Haraway asks for an embodied objectivity that is able of accommodating *paradoxes* --> ‘situated knowledges’
-what does she mean when she says “All components of the desire are paradoxical and dangerous, and their combination is both contradictory and necessary.”
(instruments of visualization in multinationalist, postmodernist culture:) disembodiment : to distance to know
the visualizing technologies (--> my amazon project)
a perverse vision that has produced ‘techno-monsters’ (what does she mean by that?)
--> second birthing? transcendence?
[the frankenstein's techno-monsters, is modeled after who? and who is modeled after it? wondrously, murderously walking around...]

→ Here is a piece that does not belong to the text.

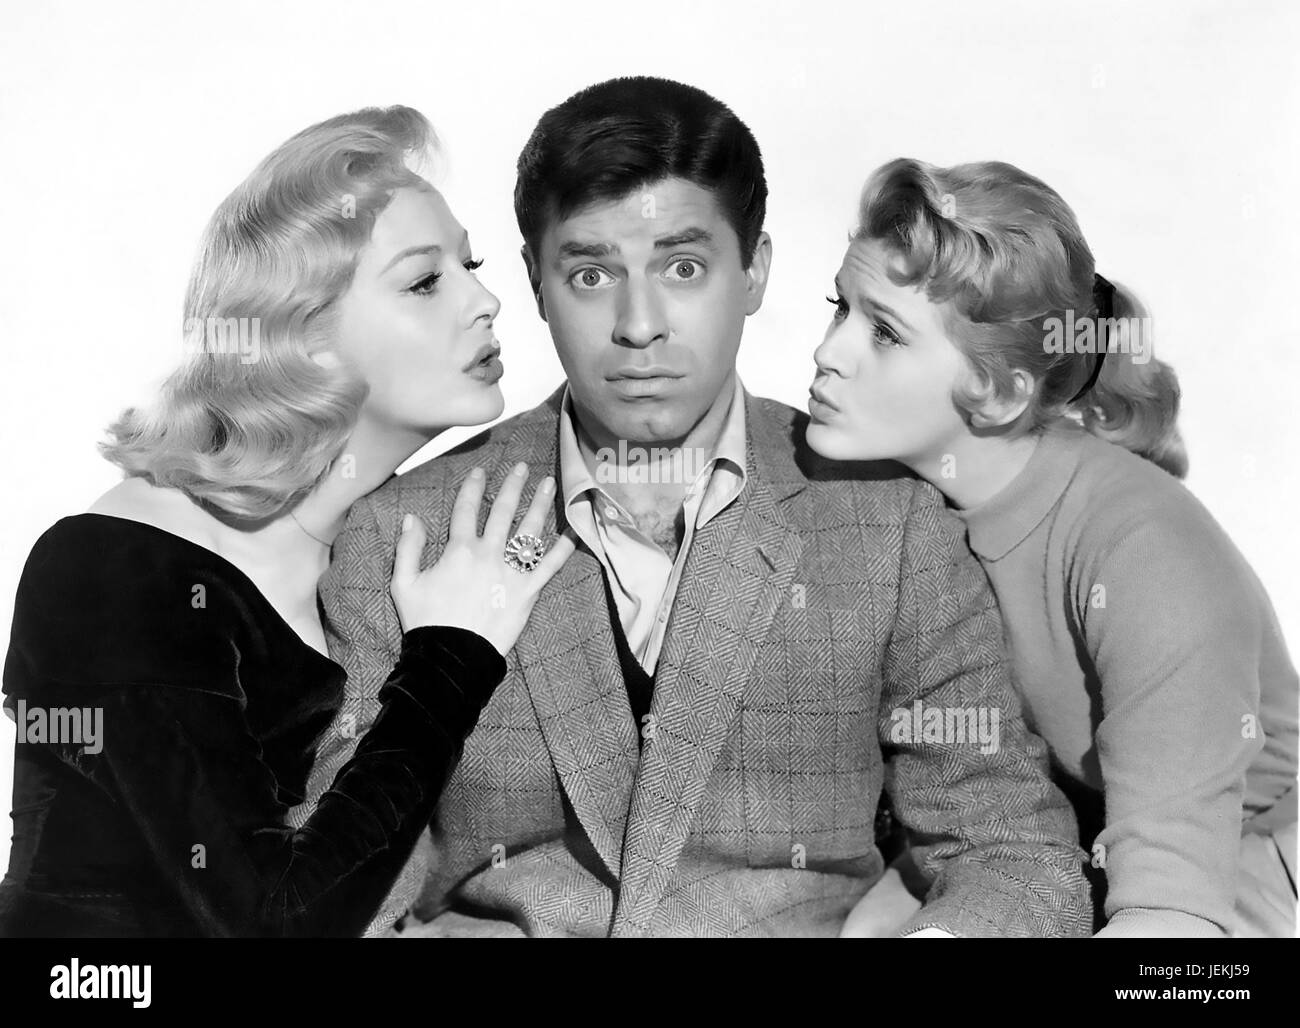 ROCK-A-BYE BABY 1958 Paramount Pictures film avec de gauche à droite : Marilyn Maxwell, Jerry Lewis , Connie Stevens Banque D'Images

(‘second-birthing’: one of the deadly stories of killing: in the first-birthing we have merely birth to the earthly soil from the woman, and then the achievement of the tragically self-realized purpose of tragic consiousness, concretized and distilled by Sartre) “dire myths of self-birthing”... --> we must resist the stories of guilt laden knowledge and consciousness
unrestricted vision
presented as utterly transparent
***particularity and embodiment (of all vision) [not necessarily organic]
usable and not innocent
“We need to learn in our bodies, endowed with primate color and stereoscopic vision, how to attach the objective to our theoretical and political scanners in order to name where we are and are not, in dimensions of mental and physical space we hardly know how to name.”
‘partial perspective’ (what does she mean?)
==> become answerable for what we learn how to see. (Helen Verran: accountability; Isabelle Stengers: milieu thinking; Latour: ground;)
(partial way of organizing world)
unlocatable =? irresponsible (knowledge claims)
partial --> possibility of webs of connections: solidarity in politics and shared conversations in epistemology
-to unfold the problem of relativism: ‘the elephant parable’ promisses seeing equally and fully. “equality” of positioning: relativism (another “god trick”) (!=/= single-vision, totalization) =/= partial locatable] [mythic cartoon of pluralism] [myth of exact knowledges, dream of perfectly known, and politics of closure] --> positioning is at stake here
“all eyes, including our own organic ones, are active perceptual systems, building on translations and specific ways of seeing”
how to see ‘faithfully’... (what does she mean by that?)
appropriating the vision of the less powerful:
to see from the peripheries
to see from the depths
...this not unproblemat (why she uses double negation so often?)
“But how to see from below is a problem requiring at least as much skill with bodies and language, with the mediations of vision, as the ‘highest’ technoscientific visualizations.”
“Science has been utopian and visionary from the start; that is one reason “we” need it.” (what does she mean?)